Eight out of ten diamonds cut and polished in the world are worked upon in the port town of Surat. But the problem is that with western economies spinning into a nightmarish recession over the last two years, diamonds, celebrated in songs and films as a `woman's best friend' have found fewer buyers in the last two years.
Textile and garment mills in Surat too have had to lay off tens of thousands of workers as global orders plummeted. Businessmen say the city which boasts of the highest annual household income in the country - Rs 4.57 lakh - lost out some Rs 3,600 crore of business in 2009 out of the Rs 12,000 crore of garments business it does in a normal year.
The finance minister talks of growth, promises help, assuages hurt by calling Surat a victim of the global downturn and asks entrepreneurs not to lose heart but work to create more wealth and jobs. "We want more growth and more jobs" is met with thunderous applause.
The man who has represented Gujarat for six years in the upper house during the 1980s, has a surprisingly strong fan following here, despite not speaking any Gujarati. Businessmen and women are nodding in agreement with his appraisal. A textile trader who is sitting next to me whispers "He is really running the country, you know after all the economy is the country ... after Manmohan (Singh) he is the best man for this job (Finance Minister)."

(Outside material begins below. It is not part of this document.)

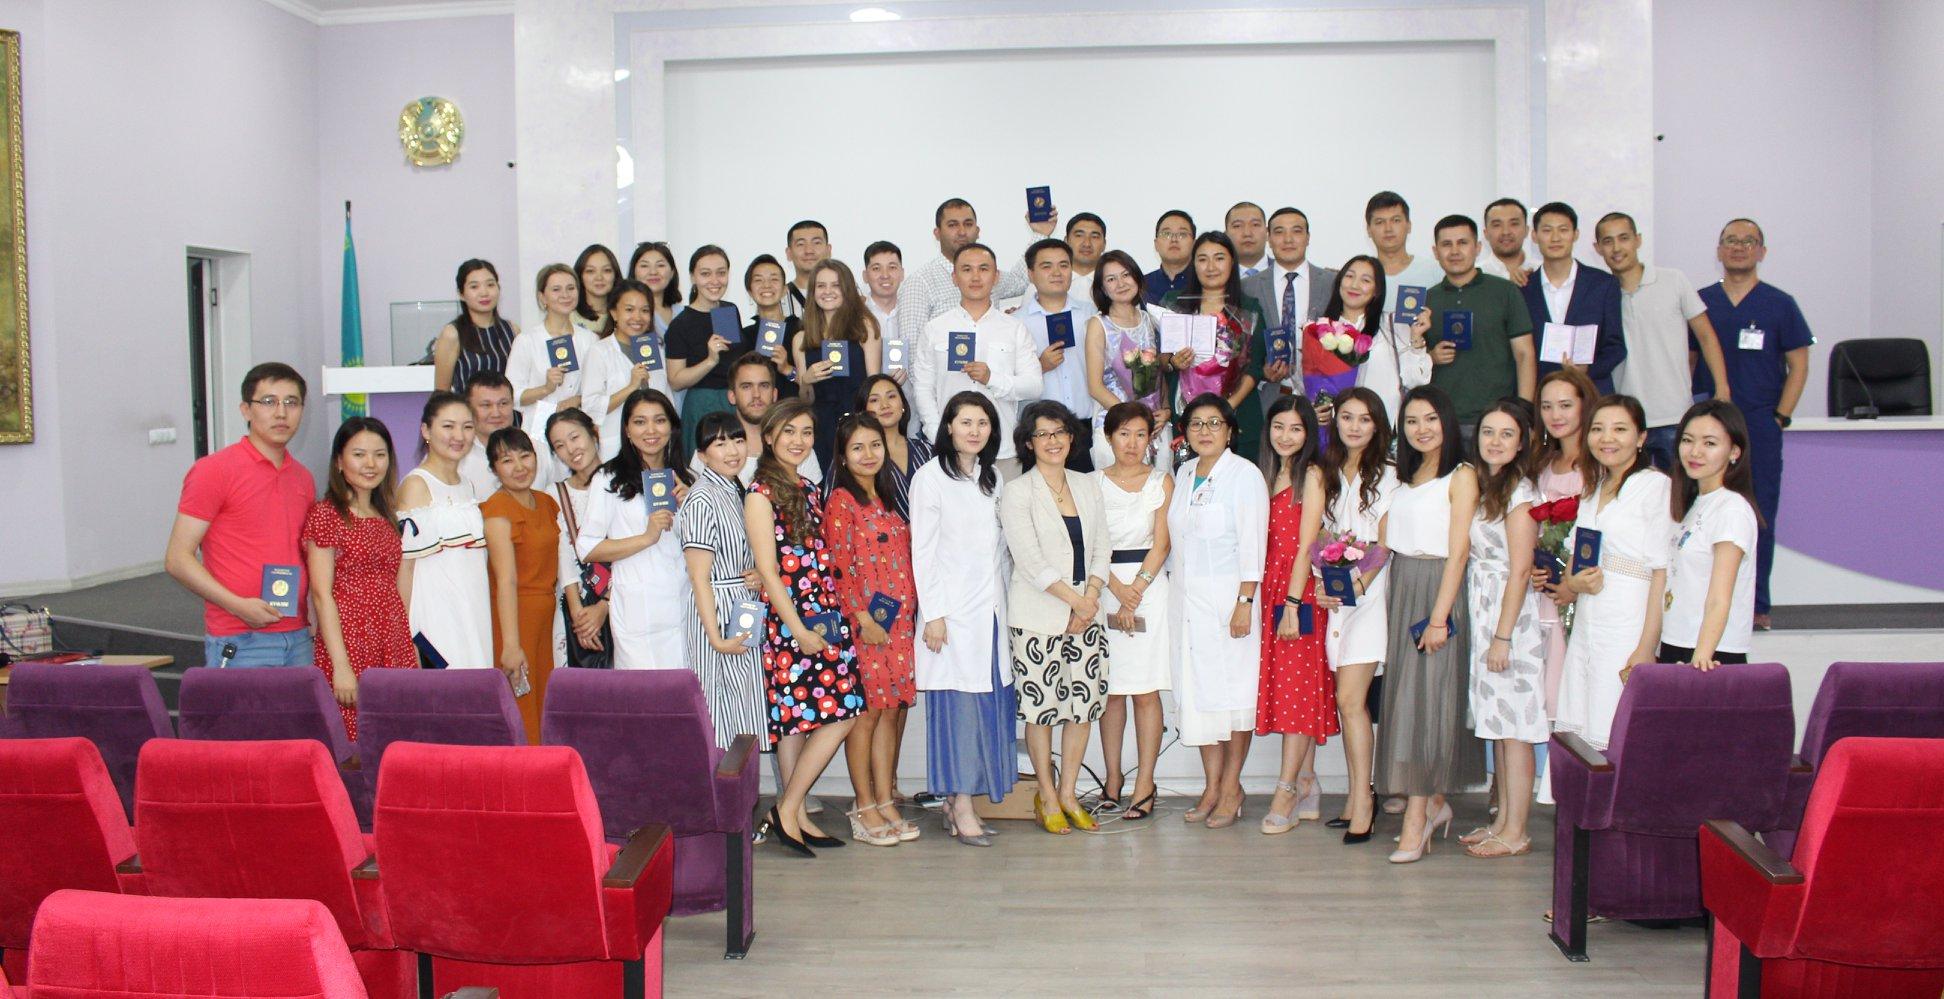 Подготовка кадров в КазНИИОиР: молодые врачи отправятся в регионы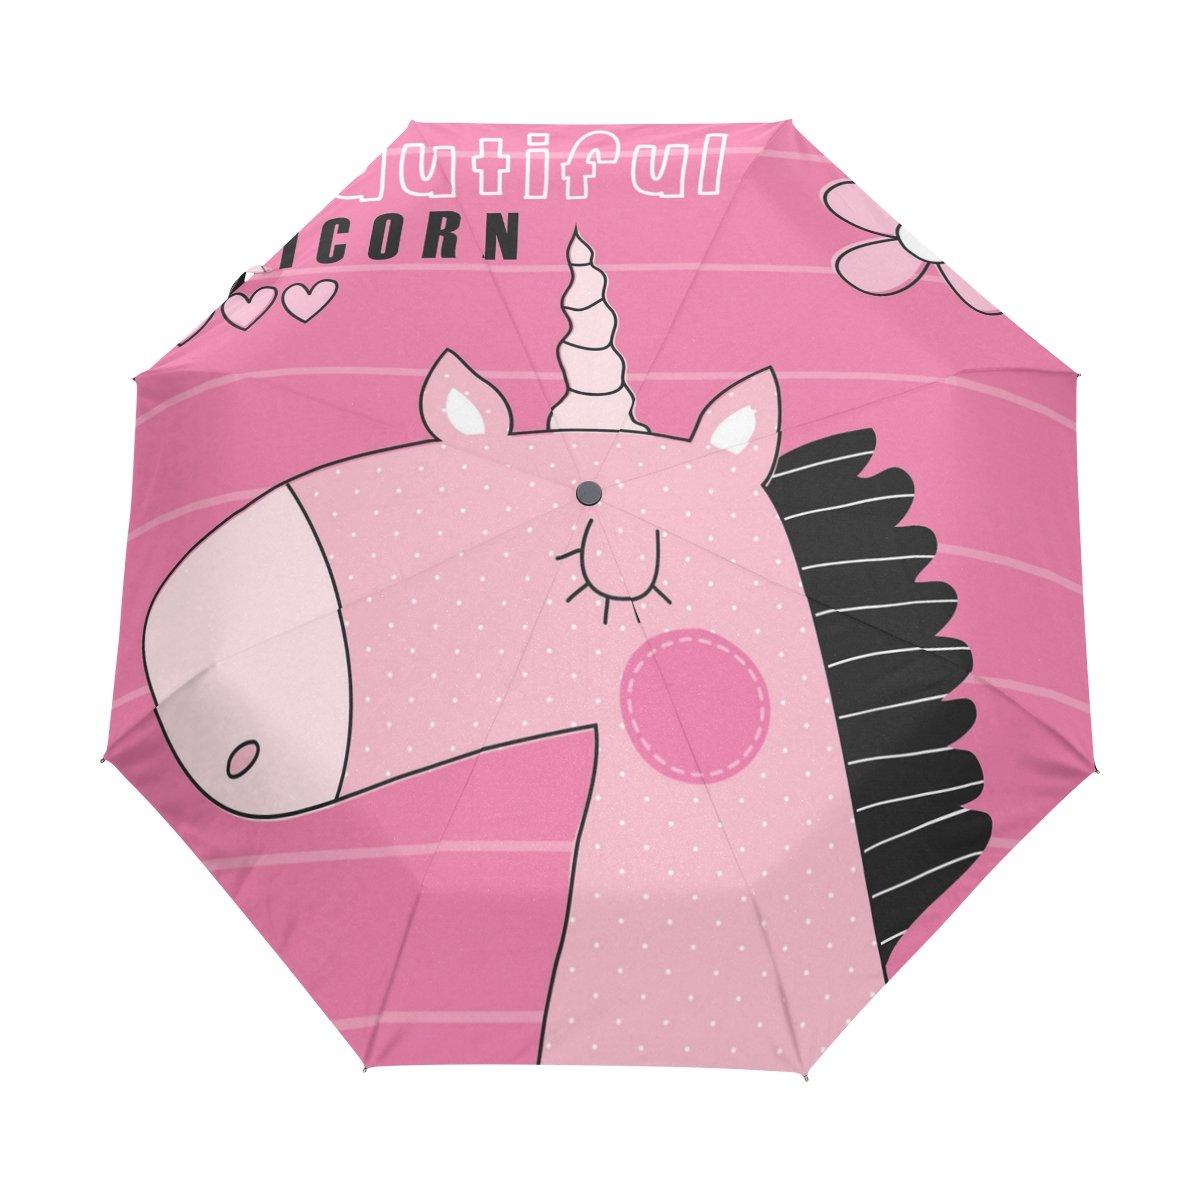 Senya Saobao防風と防雨トラベル傘with自動開いて閉じFolding美しいユニコーンベクトル図ポータブル折りたたみ式太陽雨傘 B07FDY8H6M

A short flight takes us to Ahmedabad. A meeting is slated with Narendra Modi, Gujarat's chief minister, in the city's circuit house. Pranab wants Modi to agree to a nation-wide Goods and Services Tax which will replace the current system of VAT taxes. And the BJP leader has been playing hardball.
Pranab's motorcade is treated like a visiting head of state's. Streets have been cleared of traffic. Saluting policemen dot the route. Even pedestrians aren't allowed on the road.
A beaming Modi comes out to greet Pranab at the circuit house: "instead of a bouquet, I would like to offer my `buk' (heart) to you." Pranab smiles cautiously. After all this is a political rival with whom his party will have to contend in the  years ahead.
Pranab promisses he will take care of any losses states run up in implementing GST, a simpler taxation model which businessmen feel will reduce taxes and the government believes will boost revenues for states. But Modi, a seasoned politician, is ambivalent and wants a test pilot project before agreeing. The Gujarat chief minister is the key to a cabal of BJP chief ministers running Chattisgarh, Madhya Pradesh, Uttarakhand and Himachal, coming on board.
Modi uses the example of a successful bus corridor in Ahmedabad compared to an unpopular bus corridor in Congress ruled Delhi. "I accept new things after testing them out." North Block believes the BJP ruled states will ultimately agree but will try stalling as long as long as possible.
"You are not just the finance minister ... you have a lot of influence in all ministries," Modi says as the meeting is coming to an end, presenting a list which seeks arrears in sales tax rebate, money for a notional `loss' on crude royalty because the royalty formula was changed, lower price for natural gas and more gas among other things.
A Pradesh (State) Congress Committee delegation walks in as Modi strides out towards waiting flashlights and TV cameras. Congressmen want to complain to Pranab about Modi's verbal attacks on the Congress and the central government.
Its 6 O'clock. But the day is not yet over for the finance minister. The last job of the day is to unveil a bust of Third century BC Indian master-statesman Chanakya, at the local income tax office. Its a lovely piece of sculpture in black stone. As Pranab, who is known to have studied Chanakya's treatise on statecraft `Arthshastra' and quote him in budget speeches, pulls the veil of the bust, a young officer whispers to another "It's this century's Chanakya paying homage to an earlier one."